On June 20, it was announced that Ryder System had taken delivery of 39 light and medium duty compressed vehicles with natural gas engines. According to Business Wire:

The 39 new light and medium duty vehicles represent an expansion of Ryders 300 plus heavy duty natural gas vehicle fleet. Ryder became the first outsourced fleet provider to offer heavy duty natural gas vehicles for the leasing and rental industry through a groundbreaking natural gas vehicle project with San Bernardino Associated Governments (SANBAG) in Southern California.

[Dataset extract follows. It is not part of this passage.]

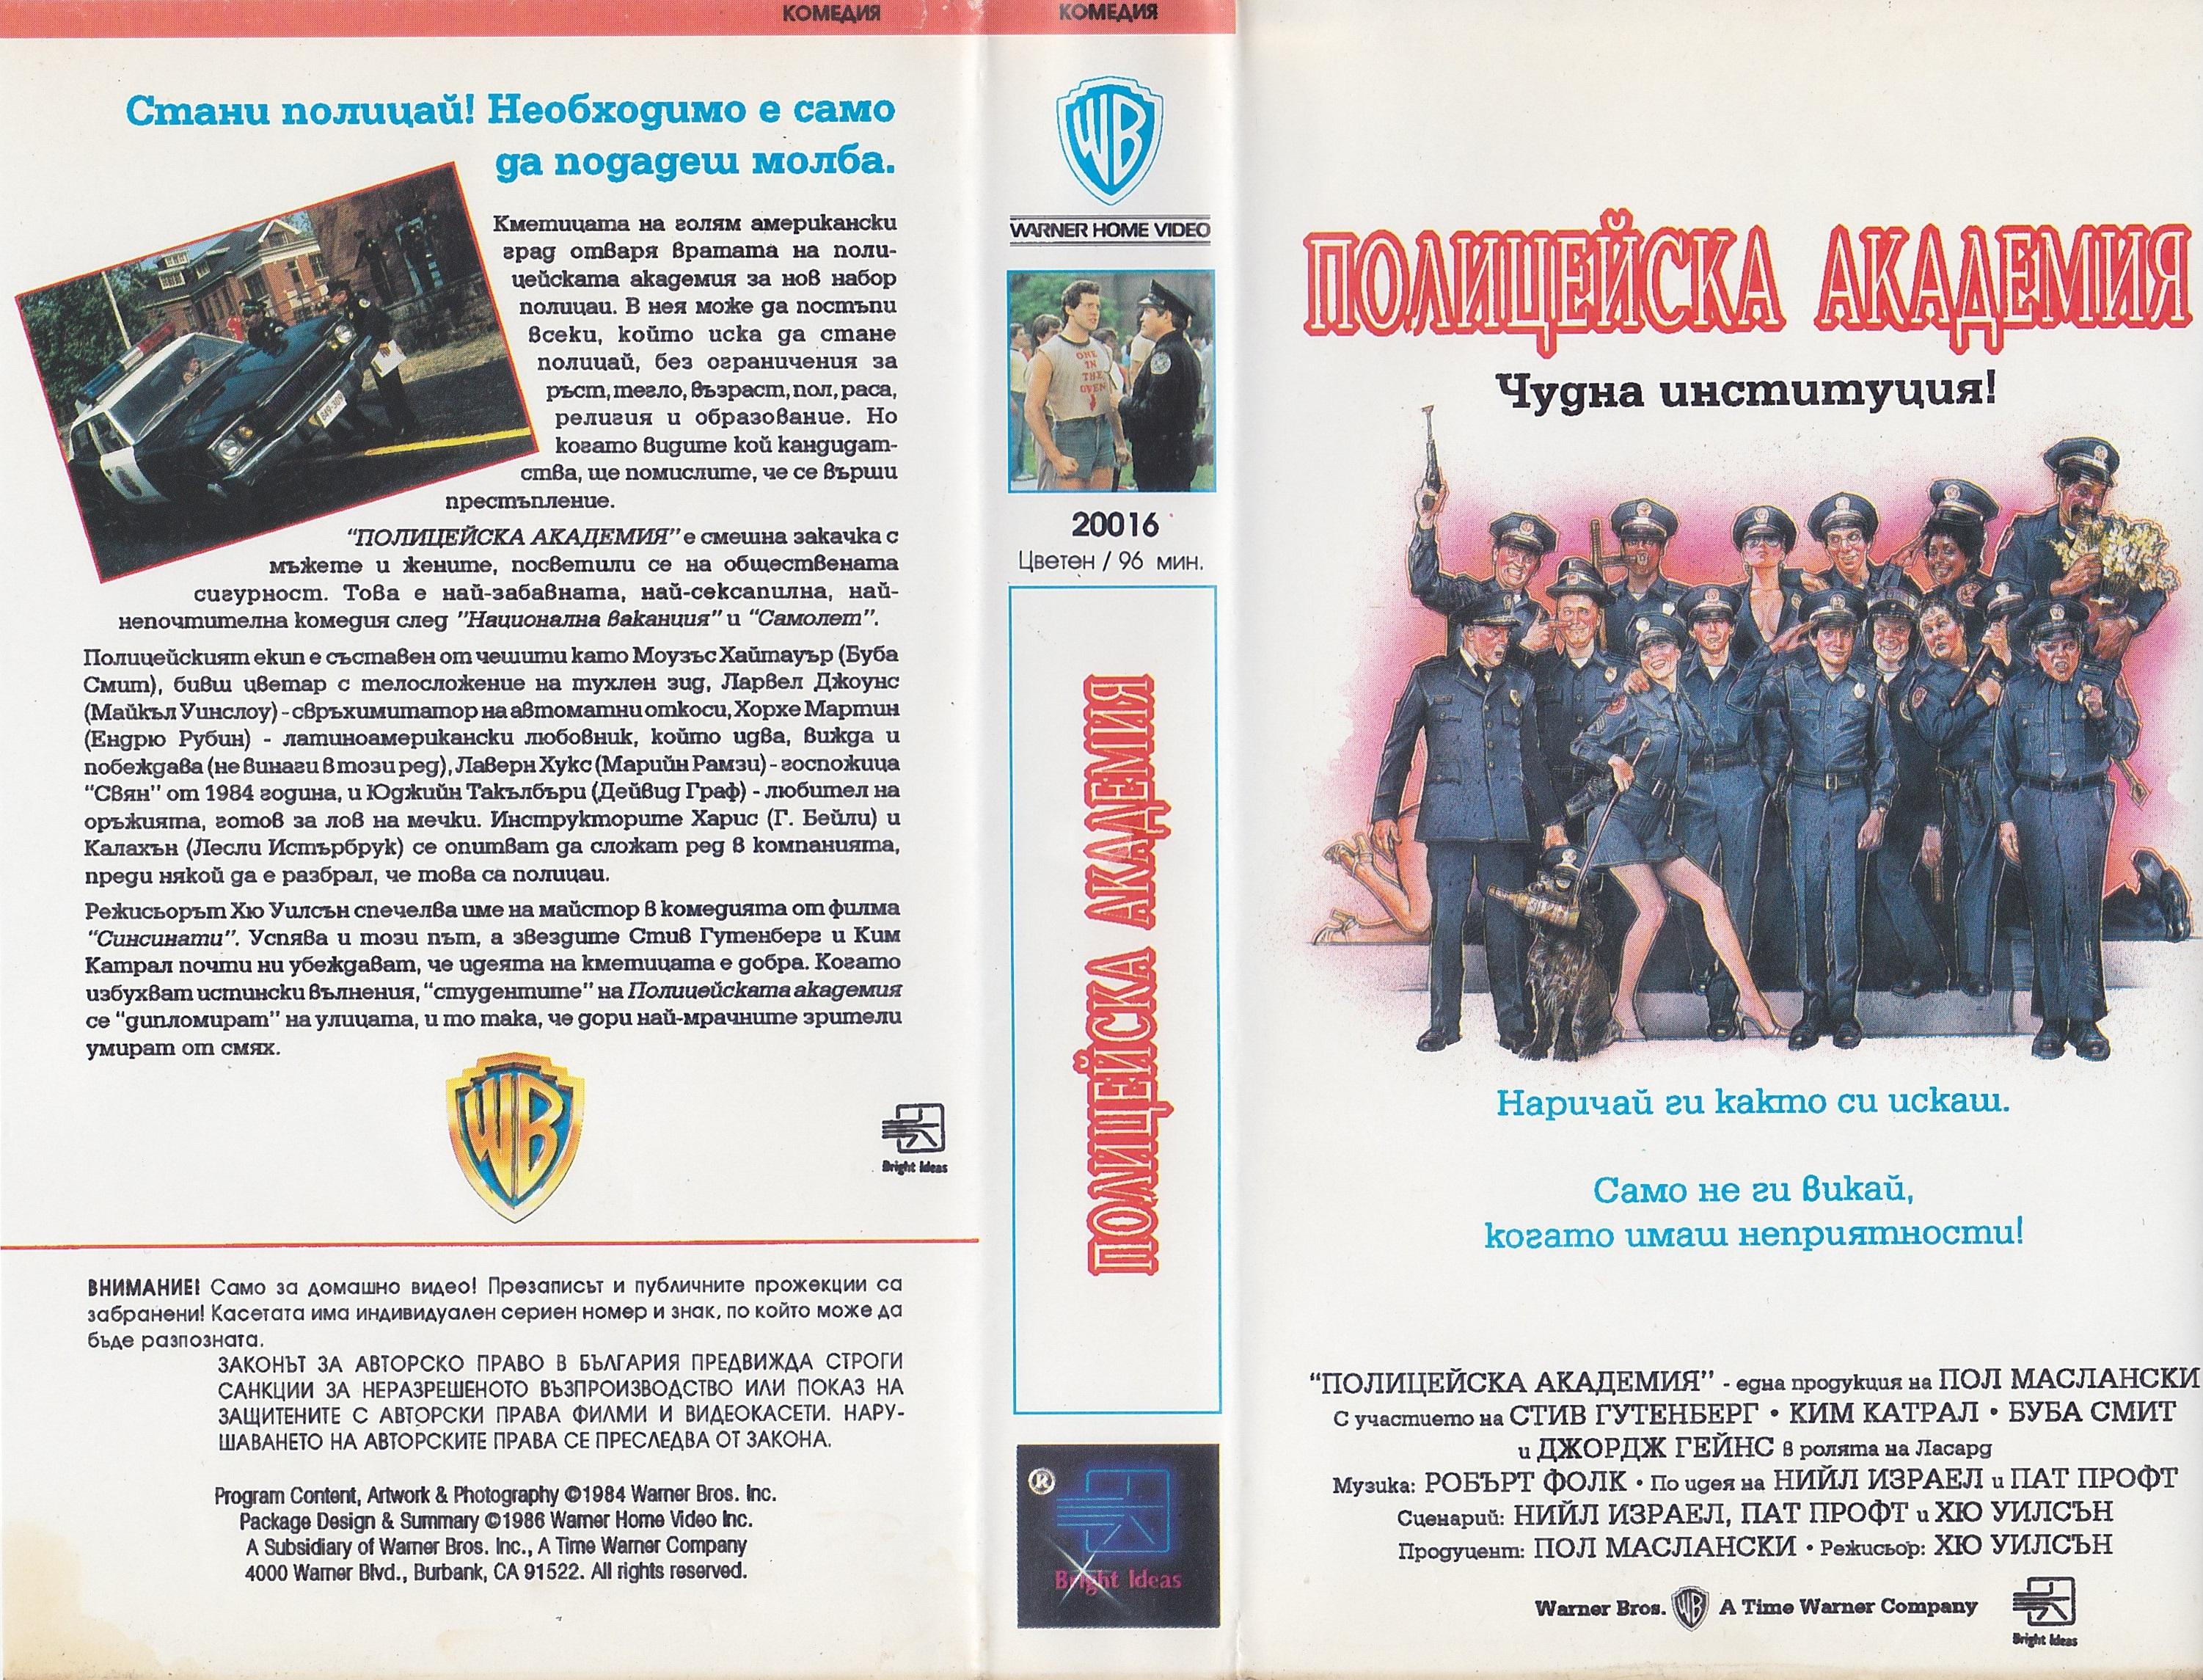 Полицейска Академия филм постер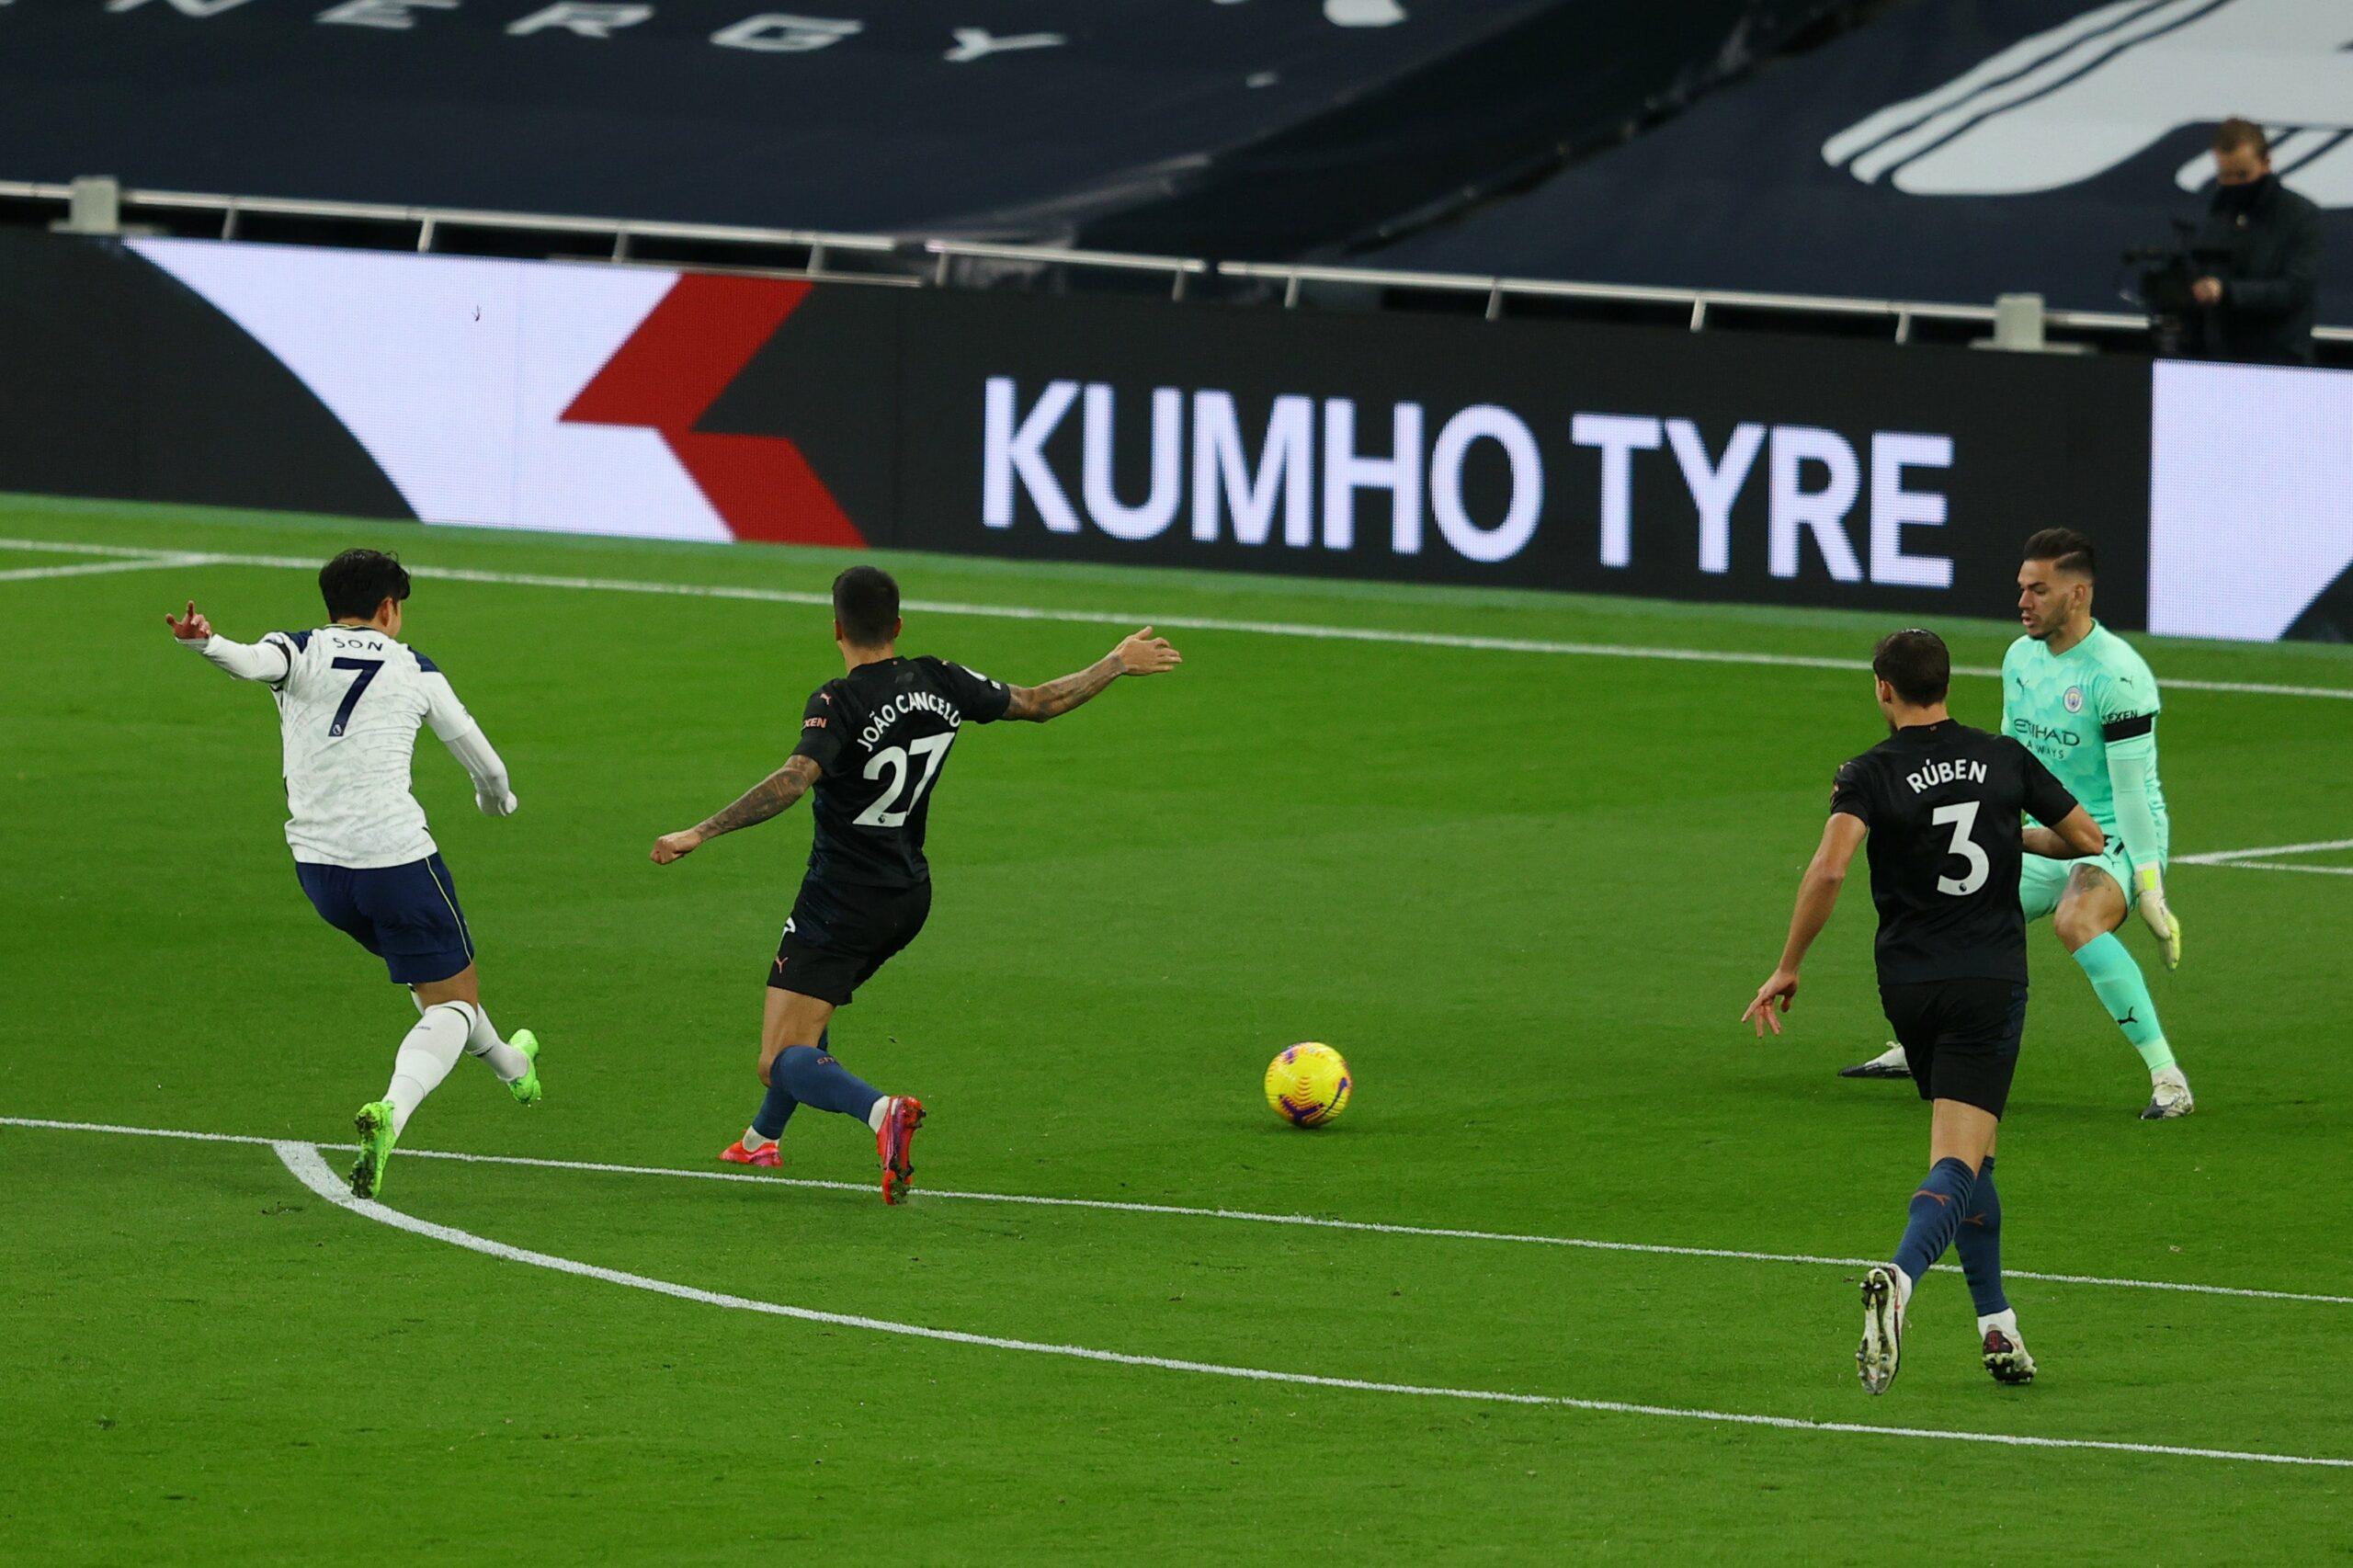 توتنهام 2-0 مانشستر سيتي: أحدث الدوري الإنجليزي كما حدث - بث مباشر!

Not only does the expansion of Ryder's fleet put the question of fuel emissions at the forefront of the sector as a whole, it also demonstrates how Ryder could reduce its fuel-related costs on a quarter-over-quarter and year-over-year basis.

Robert Sanchez, chairman and CEO of Ryder, recently noted that the company's "natural gas vehicle program in California is also a model of public/private collaboration that is helping to develop a long-term and sustainable growth trajectory for cleaner, cheaper, and cost-effective natural gas." If the California-based initiative is a successful one, and I truly believe it will be, investors may in fact see similar types of roll-outs in various other regions throughout the country.

Recent Dividend Behavior

Since May 19, 2011, Ryder System has increased its quarterly distribution three times over the last 10 payable quarters (including the upcoming payout on Sept. 20). From an income perspective, the company's forward yield of 2.24% ($1.36) coupled with a payout ratio of 29.00% could make this particular stock a very viable income option for long-term investors in search of a moderate-yielding play in the renting and leasing sector.

Conclusion

When it comes to those who may be looking to establish a position in Ryder System, I'd continue to keep a watchful eye on not only the company's dividend behavior over the next 12-24 months, but also any growth directly related to company's expansion of its natural gas powered fleet.